*** Opening of RECORDS ***
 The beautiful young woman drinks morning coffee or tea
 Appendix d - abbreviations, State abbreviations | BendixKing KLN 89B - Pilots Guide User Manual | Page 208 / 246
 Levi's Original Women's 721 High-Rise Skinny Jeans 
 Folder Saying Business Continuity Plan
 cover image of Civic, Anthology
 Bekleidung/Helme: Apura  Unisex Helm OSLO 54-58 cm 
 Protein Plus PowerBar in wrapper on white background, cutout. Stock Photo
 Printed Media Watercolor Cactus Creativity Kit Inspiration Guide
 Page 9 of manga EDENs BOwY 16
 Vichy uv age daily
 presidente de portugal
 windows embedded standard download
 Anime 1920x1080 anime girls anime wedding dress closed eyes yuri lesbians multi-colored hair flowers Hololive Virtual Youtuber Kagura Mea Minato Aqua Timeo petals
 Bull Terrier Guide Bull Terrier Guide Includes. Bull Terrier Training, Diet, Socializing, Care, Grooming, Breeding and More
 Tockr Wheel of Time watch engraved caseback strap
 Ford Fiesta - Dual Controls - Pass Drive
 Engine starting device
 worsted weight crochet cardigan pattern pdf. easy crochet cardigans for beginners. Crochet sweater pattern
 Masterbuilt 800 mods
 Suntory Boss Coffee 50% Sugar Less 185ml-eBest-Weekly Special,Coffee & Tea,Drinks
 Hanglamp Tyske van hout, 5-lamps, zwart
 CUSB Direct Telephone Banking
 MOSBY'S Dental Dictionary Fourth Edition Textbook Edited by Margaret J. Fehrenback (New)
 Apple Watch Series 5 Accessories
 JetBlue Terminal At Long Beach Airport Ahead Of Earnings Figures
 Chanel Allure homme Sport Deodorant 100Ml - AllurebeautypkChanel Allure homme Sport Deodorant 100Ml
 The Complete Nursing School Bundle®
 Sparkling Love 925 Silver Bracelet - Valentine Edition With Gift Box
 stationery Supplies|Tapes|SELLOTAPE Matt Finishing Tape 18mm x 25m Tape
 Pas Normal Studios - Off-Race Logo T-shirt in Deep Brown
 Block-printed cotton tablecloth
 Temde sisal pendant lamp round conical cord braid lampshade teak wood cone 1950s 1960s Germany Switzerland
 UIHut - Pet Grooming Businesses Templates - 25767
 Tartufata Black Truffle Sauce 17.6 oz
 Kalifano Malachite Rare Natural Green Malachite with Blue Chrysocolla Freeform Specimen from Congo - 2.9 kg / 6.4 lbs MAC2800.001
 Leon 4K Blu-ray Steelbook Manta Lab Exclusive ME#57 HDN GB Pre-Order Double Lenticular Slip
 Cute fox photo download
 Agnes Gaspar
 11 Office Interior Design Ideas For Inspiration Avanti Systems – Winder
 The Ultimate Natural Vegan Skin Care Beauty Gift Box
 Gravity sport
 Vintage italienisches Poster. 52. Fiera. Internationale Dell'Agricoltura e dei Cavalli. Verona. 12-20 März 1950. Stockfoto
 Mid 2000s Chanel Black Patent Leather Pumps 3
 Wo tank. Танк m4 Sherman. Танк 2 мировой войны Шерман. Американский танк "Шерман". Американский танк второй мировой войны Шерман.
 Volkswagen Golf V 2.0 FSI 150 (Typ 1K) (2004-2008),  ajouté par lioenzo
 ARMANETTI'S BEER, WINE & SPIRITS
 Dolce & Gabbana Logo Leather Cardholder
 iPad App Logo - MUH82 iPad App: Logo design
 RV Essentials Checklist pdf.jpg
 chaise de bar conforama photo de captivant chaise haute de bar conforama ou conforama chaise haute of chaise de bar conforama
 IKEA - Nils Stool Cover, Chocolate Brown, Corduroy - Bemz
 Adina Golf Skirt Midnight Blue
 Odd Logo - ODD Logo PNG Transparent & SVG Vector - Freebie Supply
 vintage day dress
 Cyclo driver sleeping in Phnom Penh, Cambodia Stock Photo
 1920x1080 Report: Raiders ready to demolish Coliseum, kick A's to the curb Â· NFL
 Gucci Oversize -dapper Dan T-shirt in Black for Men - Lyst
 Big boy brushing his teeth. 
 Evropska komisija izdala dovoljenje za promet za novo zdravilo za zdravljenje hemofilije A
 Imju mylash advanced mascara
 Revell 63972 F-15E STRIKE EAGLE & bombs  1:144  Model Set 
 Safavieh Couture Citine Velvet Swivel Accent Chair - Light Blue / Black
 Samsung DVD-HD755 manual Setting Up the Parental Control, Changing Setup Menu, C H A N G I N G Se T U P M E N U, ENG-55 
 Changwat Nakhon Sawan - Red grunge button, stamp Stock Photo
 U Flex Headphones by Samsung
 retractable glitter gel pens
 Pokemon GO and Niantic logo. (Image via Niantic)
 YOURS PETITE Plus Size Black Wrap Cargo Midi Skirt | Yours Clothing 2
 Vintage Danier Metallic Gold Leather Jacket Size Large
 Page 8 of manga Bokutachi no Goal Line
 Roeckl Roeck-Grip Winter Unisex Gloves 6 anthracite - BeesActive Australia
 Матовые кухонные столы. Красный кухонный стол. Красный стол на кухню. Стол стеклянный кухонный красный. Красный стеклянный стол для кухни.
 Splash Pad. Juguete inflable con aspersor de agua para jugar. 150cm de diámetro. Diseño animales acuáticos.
*** Close of RECORDS ***
WHAT YOU ARE ASKED TO DO: Only the lines containing "Unisex" are needed; copy each of them from the data.

ANSWER SECTION:
 Bekleidung/Helme: Apura  Unisex Helm OSLO 54-58 cm 
 Roeckl Roeck-Grip Winter Unisex Gloves 6 anthracite - BeesActive Australia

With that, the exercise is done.